Pytorch Transformers

Anandh_Perumal_Konar · April 16, 2020, 6:12am

The below code is from pytorch doc

    def forward(self, src):
        if self.src_mask is None or self.src_mask.size(0) != len(src):
            device = src.device
            mask = self._generate_square_subsequent_mask(len(src)).to(device)
            self.src_mask = mask

        src = self.encoder(src) * math.sqrt(self.ninp)
        src = self.pos_encoder(src)
        output = self.transformer_encoder(src, self.src_mask)
        output = self.decoder(output)
        return output

I don’t understand why there is a mask in the transformer encoder?
In decoder, we don’t want the decoder to look at the future and it makes sense to mask but why encoder?

and what is the use of the below code?
math.sqrt(self.ninp) in

src = self.encoder(src) * math.sqrt(self.ninp)

Thanks in advance

vainaijr · April 17, 2020, 12:51pm

I created one post for a similar question here,

see if it helps, regarding math.sqrt(self.ninp)
in the paper https://arxiv.org/pdf/1706.03762.pdf, they use a scaling factor of math.sqrt(self.ninp), maybe cancelling this scaling factor (or not considering to divide by math.sqrt(self.ninp)), gives a better accuracy in the tutorial.

Anandh_Perumal_Konar · April 17, 2020, 11:06pm

Well, actually my question is different from the one you asked.
My question is what’s the need for mask in the encoder layer?
But I think it makes sense when you want to use an architecture like GPT 2, I guess. Correct me if I’m wrong.

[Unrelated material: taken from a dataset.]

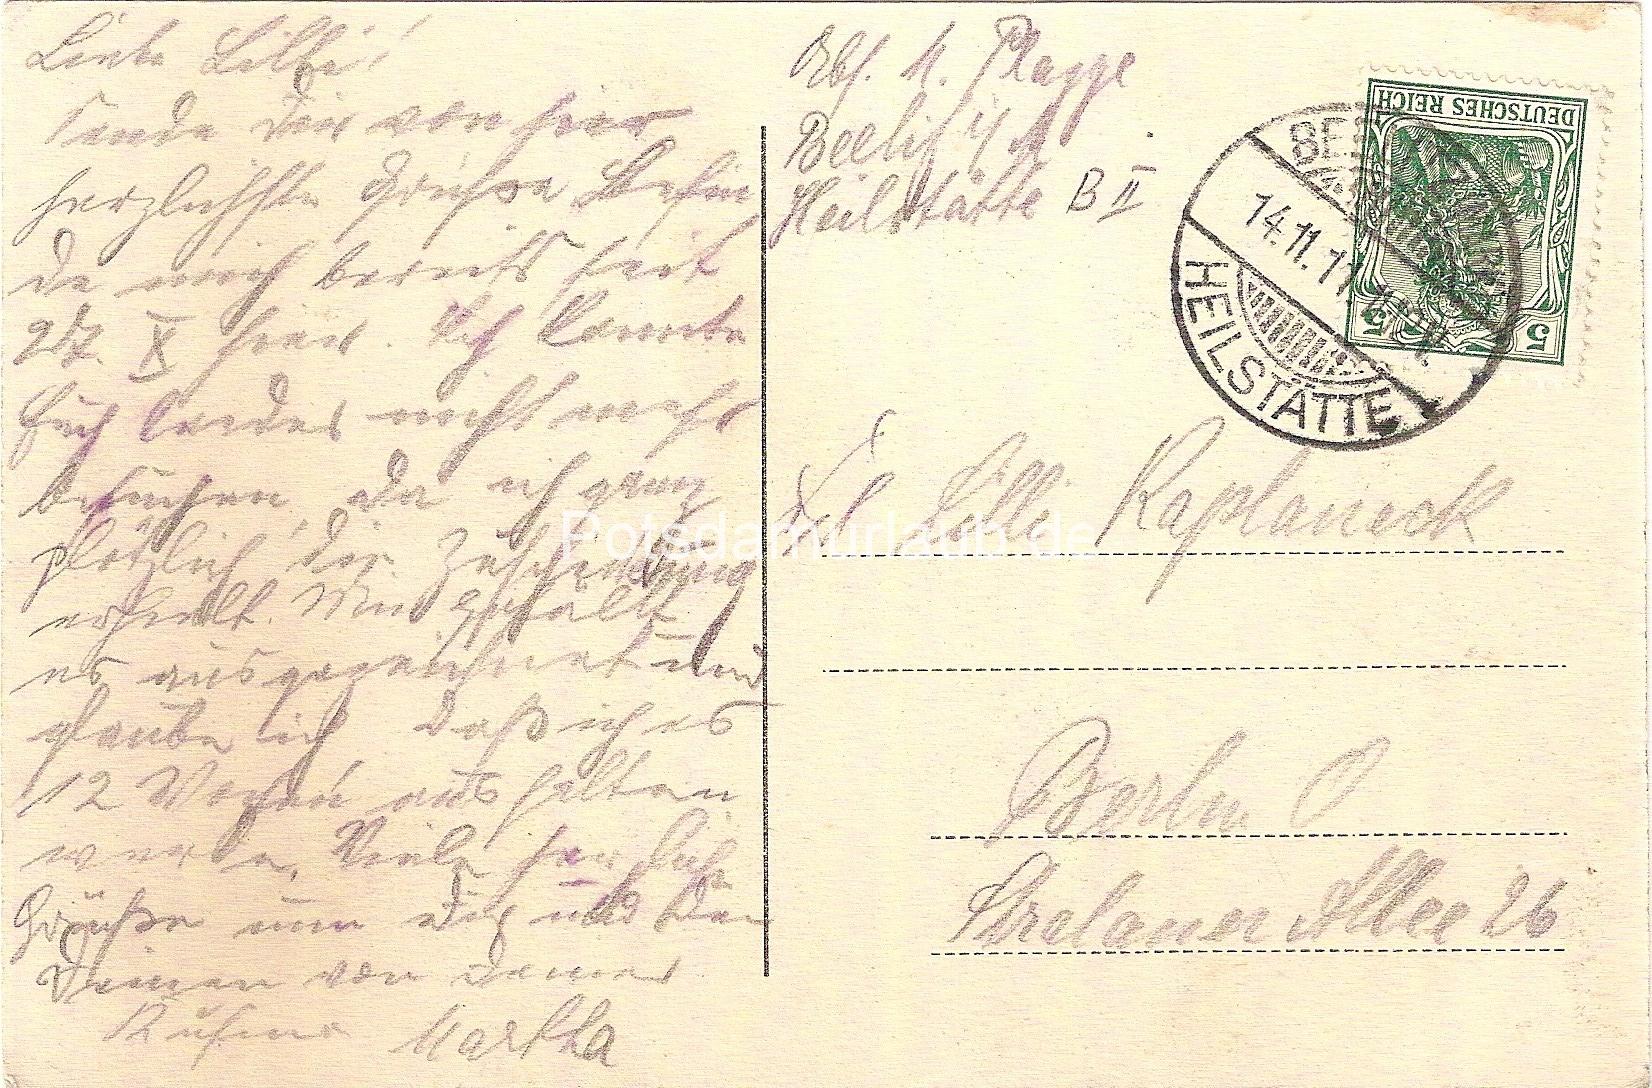 1911 11 14 v0002
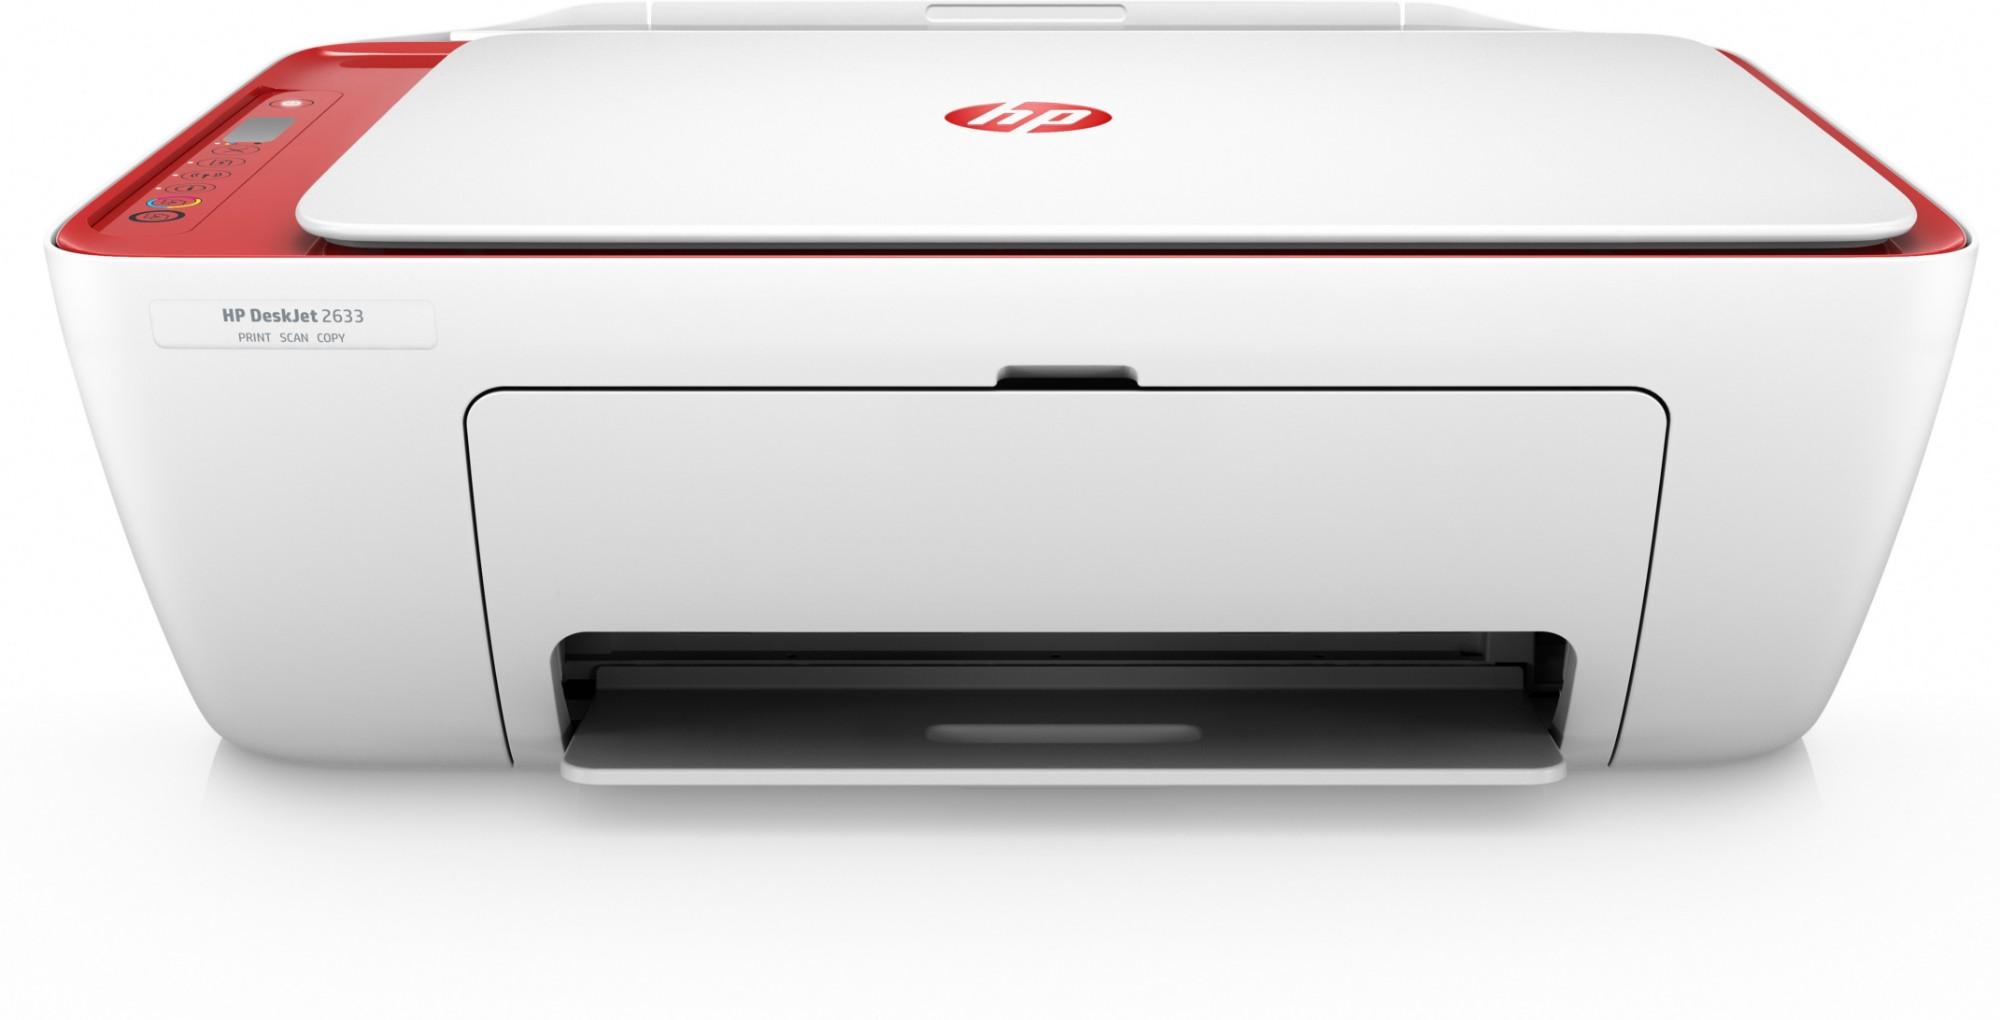 HP DeskJet 2633 AiO 4800 x 1200DPI Thermal Inkjet A4 7.5ppm Wi-Fi

Regarding the scaling factor, even if we don’t scale it shouldn’t affect the results a lot, I can’t recollect the paper but in the earlier version of dot product attention even they didn’t use the scale factor. But obviously scaling helps.

But I don’t understand why are we multiplying it? it should be divided based on the attention paper.

ShaneB · May 20, 2021, 2:50pm

Again, regarding the scaling factor:

The paper does say:

In the embedding layers, we multiply those weights by sqrt(d_model).

(Note The Annotated Transformer directly connects the paper to PyTorch code line-by-line).

However, the paper does not say why this is done.

This post says the following:

The reason we increase the embedding values [by adding math.sqrt(self.d_model)] before addition is to make the positional encoding relatively smaller. This means the original meaning in the embedding vector won’t be lost when we add them together.